A second source of odontogenic pain stems from the tissues surrounding the dentition. Periodontitis is a chronic, periradicular disease characterized by inflammation of the gingiva causing soft tissue attachment loss and bone loss surrounding the tooth. In its early stages, the process may be painless but, if untreated, culminates in mobility of teeth and ultimately tooth loss. The degree of pain associated with periodontal disease in the absence of abscess formation is typically mild and not limited to one particular area of the mouth. It is also important to note that periodontal disease is an inflammatory process that is associated with other systemic, chronic disease such as diabetes.

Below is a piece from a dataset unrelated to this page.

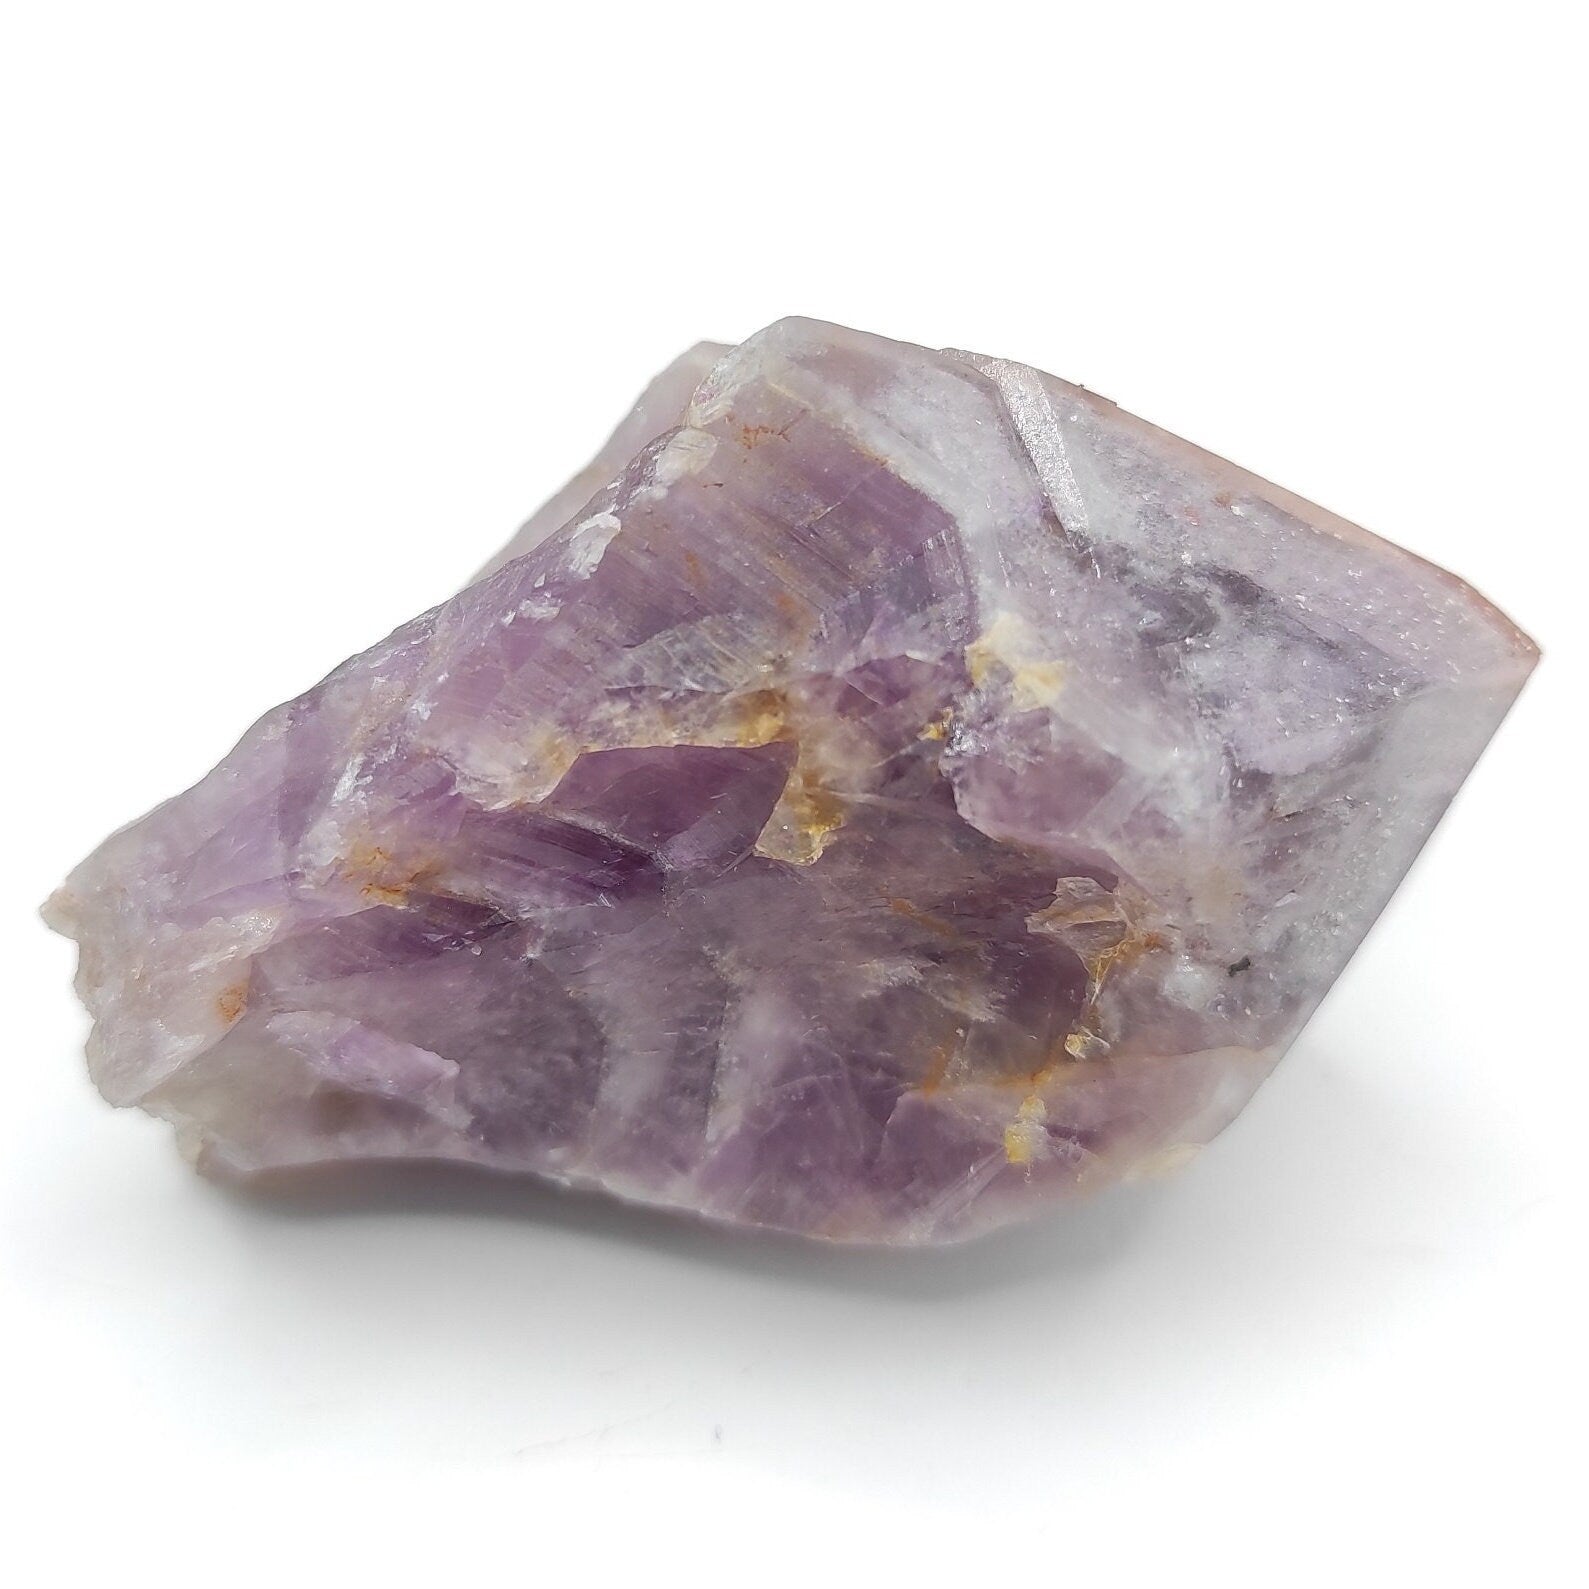 60g Thunder Bay Amethyst - Hematite Coated Amethyst - Canadian Amethyst Crystal - Amethyst Thunder Bay - Red Amethyst - Mineral Specimen

Pericoronitis is a type of gingival inflammation that typically occurs around an erupting or partially erupted third molar (wisdom tooth). The inflammatory response in acute pericoronitis can be significant causing severe pain and trismus and may lead to severe cellulitis and abscess spreading to the deep spaces of the neck and posterior oropharynx.
Dental Findings
The clinician should look for presence of dental disease including dental caries, fractured teeth, or mobile teeth. Dental caries is characterized by the presence of dark areas of the tooth that have invaded or cavitated the enamel (
Fig. 67.2).
Stains may sometimes mimic dental caries but will not exhibit loss of tooth structure. In general, the more tooth structure that is involved, the more invasive the decay and the closer to invasion of the pulp causing pain. The decay may start on
the occlusal surface of the tooth, between the teeth, or at the gingival cervical margins. If the decay begins between the teeth, the caries may not be easily identified clinically and may require radiographic evaluation. Teeth with periapical or pulpal inflammation many times will be tender to percussion and will elicit a more painful response then percussion of the surrounding, unaffected teeth. Additionally, the same teeth may elicit painful response to thermal stimulation compared to the surrounding dentition. The degree to which these findings are positive leads to a diagnosis of reversible or irreversible pulpitis (
Table 67.3). Mobility of a tooth in the presence of pain may indicate a periapical abscess, or chronic periodontitis. An abscess typically will be limited to one tooth or one area of the mouth, where in chronic periodontitis, multiple teeth usually are affected in several areas of the mouth.
Oral Soft Tissue Findings
The oral mucosa, gingiva, tongue, floor of mouth, and oropharynx should be inspected and palpated for any masses, ulcerations, bleeding, suppuration, or swelling. Areas of acute inflammation will typically be painful and characterized by erythema. If the inflammation and pain is in the area of a carious tooth, an acute inflammatory process should be suspected (pulpitis or acute abscess). Any fistulas present on the gingiva indicate chronic periapical abscess and a necrotic tooth. These are not necessarily painful, but at some point, prior to the fistula formation, may have been a source of pain to the patient. Any suppuration emanating from the gingival crevice of a tooth or multiple teeth in the presence of mobility suggests severe, chronic periodontitis. The gingiva, in this instance, may bleed easily when manipulated.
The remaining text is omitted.